As discussed previously, water molecules are polar in nature and forms a strong network attracting each other which can be seen in the diagram below:

Polar water molecules attracted to each other via hydrogen bonding

Before jumping into explaing the moving pepper, we need to know a bit more about another important player in this experiment – detergent. A molecule of detergent consists of two parts – the water-loving (hydrophilic) head and the water-hating (hydrophobic) tail. This means that the head would be attracted to water molecules while the tail would try to avoid them as much as possible.

Illustration of detergent molecules

Now, try imaging what will happen when you introduce detergent molecules to this network of water molecules.

The hydrophilic head of the detergent molecules will be attracted to the water molecule and at the same time, the hydrophobic tail will be as far away as possible from the water molecules.

The detergent molecules would form an all-round barrier, with the hydrophilic head facing outwards towards the water molecules but the hydrophobic tail will be facing inwards.

Detergent molecules forming a “ball-like shape” so that the hydrophilic head would maximise contact with water while the hydrophobic tails will minimise contact with water.

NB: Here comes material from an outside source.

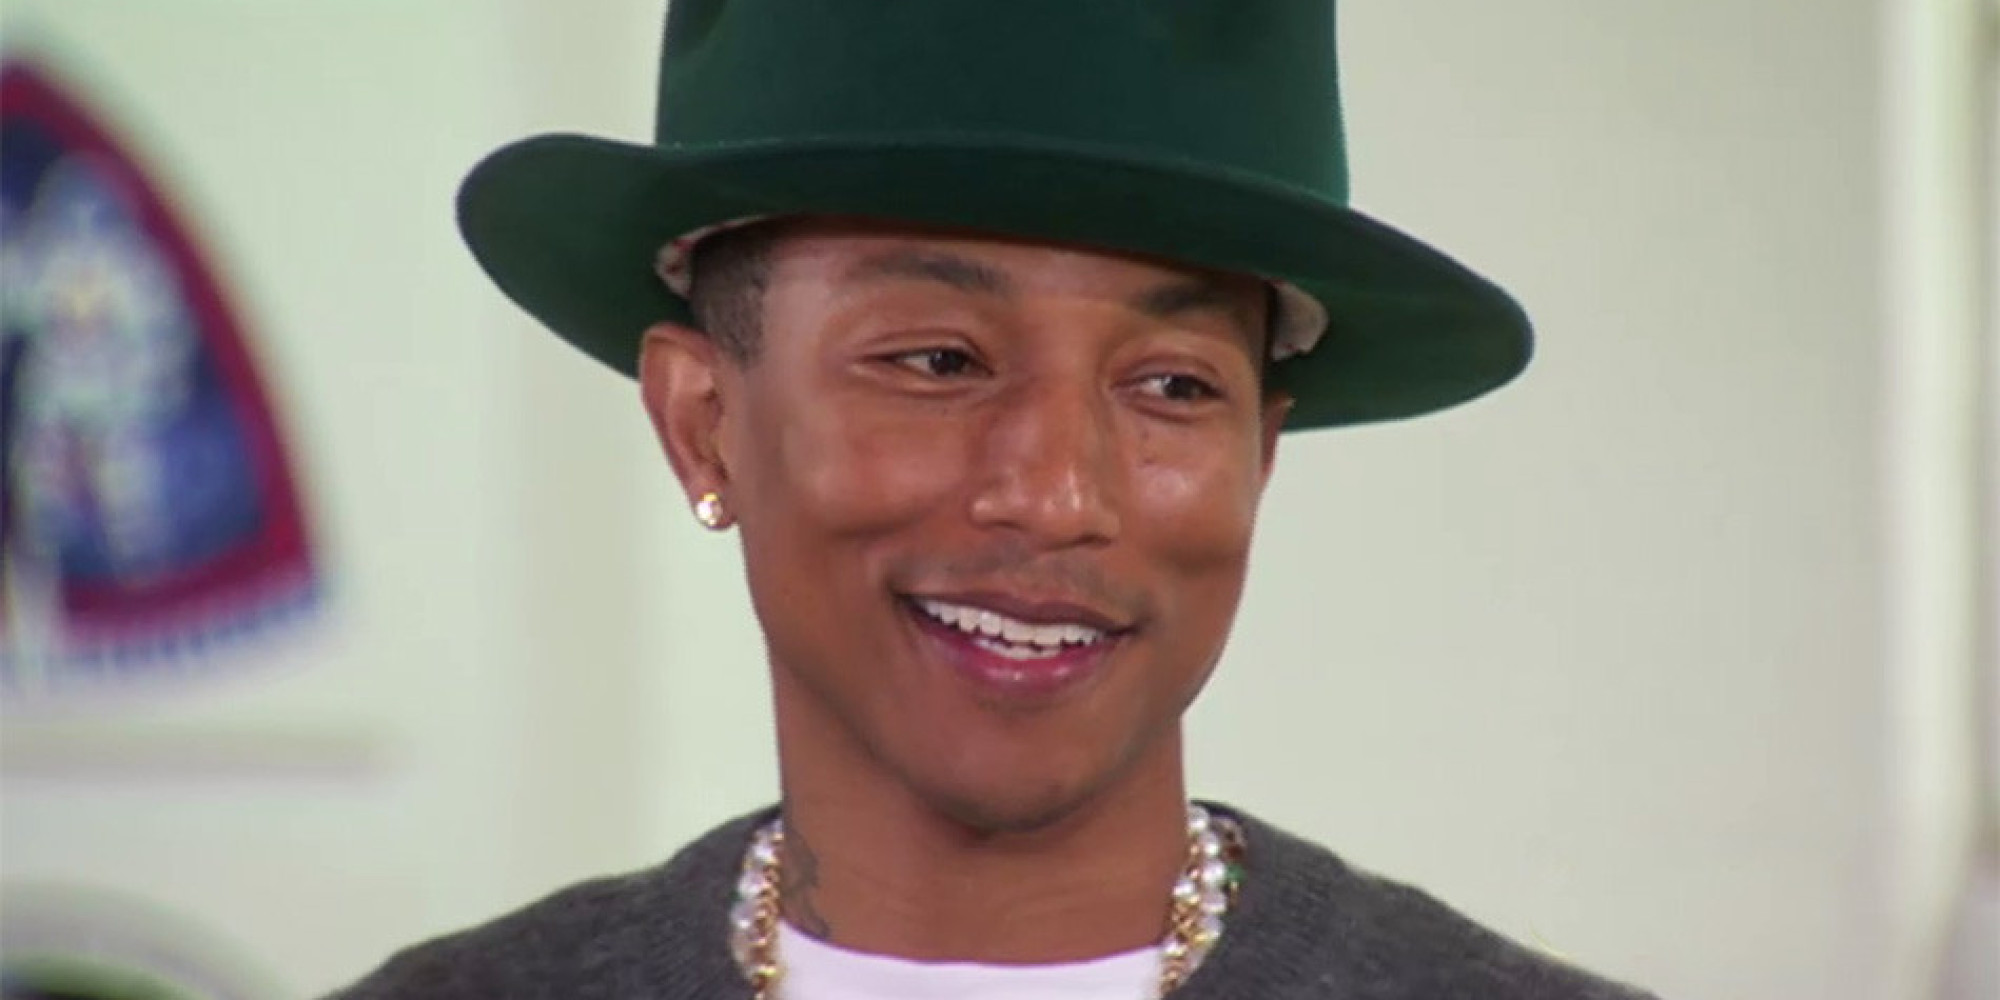 Pharrell Williams wallpaper, Music, HQ Pharrell Williams pictureK Wallpaper 2019
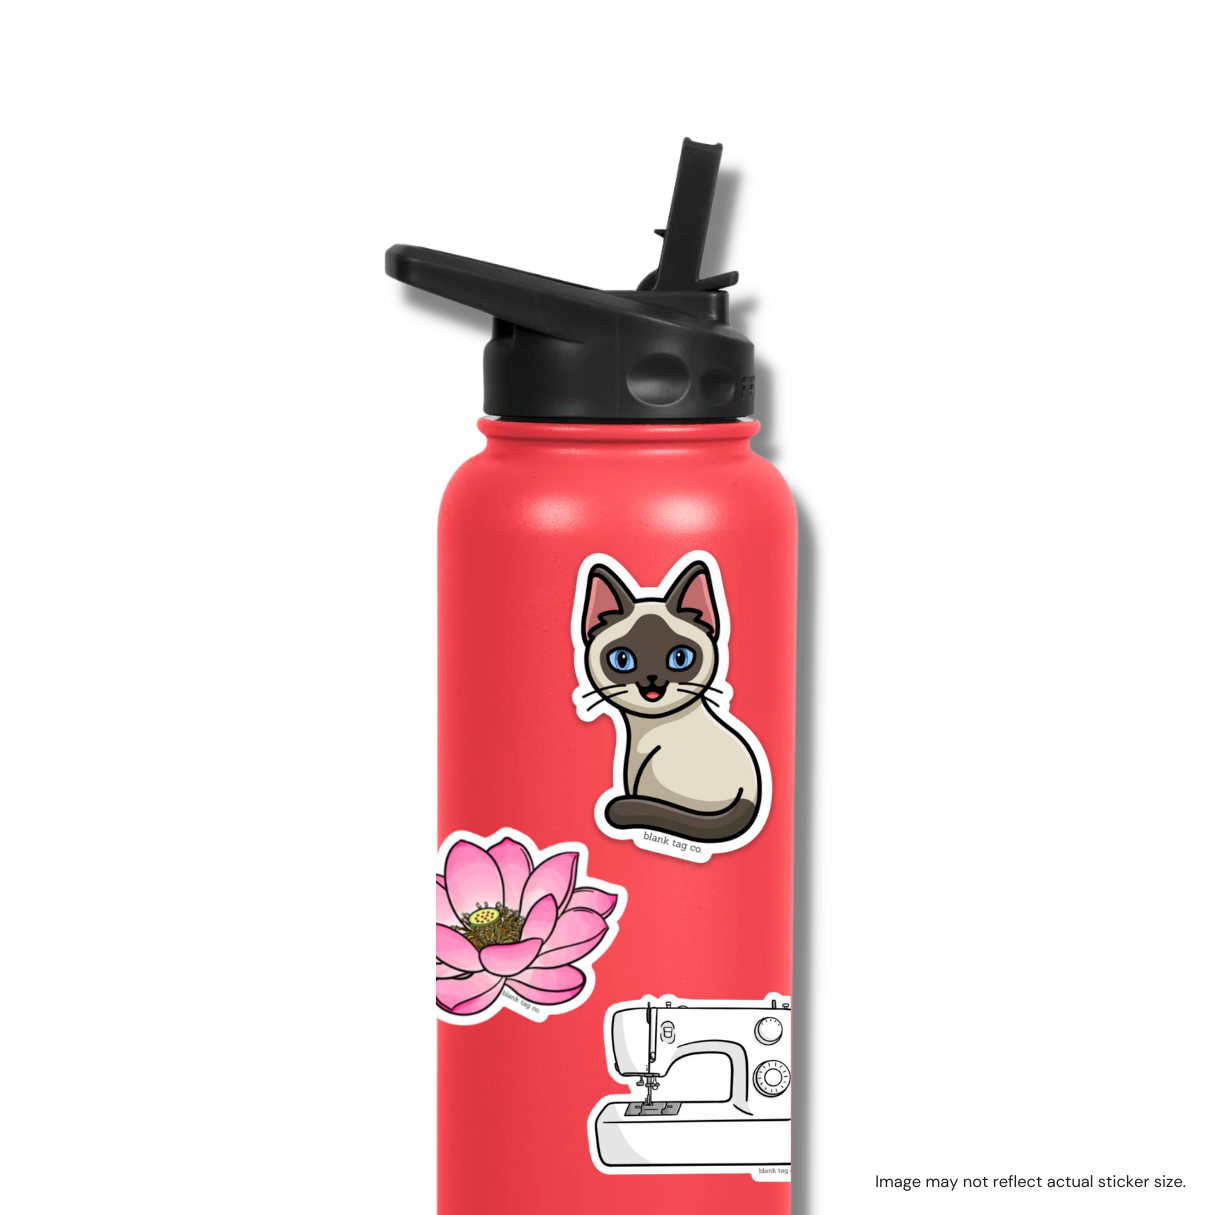 The Siamese Cat Sticker

The strong network of water molecules is now broken at the point where the detergent molecules is introduced (image the network of water molecules are like the rubber surface of a blown balloon and introducing detergent is like poking the surface with a sharp needle!)

At the point where the detergent is introduced, the hydrogen bonds between the water molecules will weaken. However, the other sides that are “detergent-free” still maintain the  strong hydrogen bonding and thus pull the water molecules outwards to the edge of the plate.

This motion will move the pepper particles floating on the surface along and there, you have the “balloon skin ripping motion”!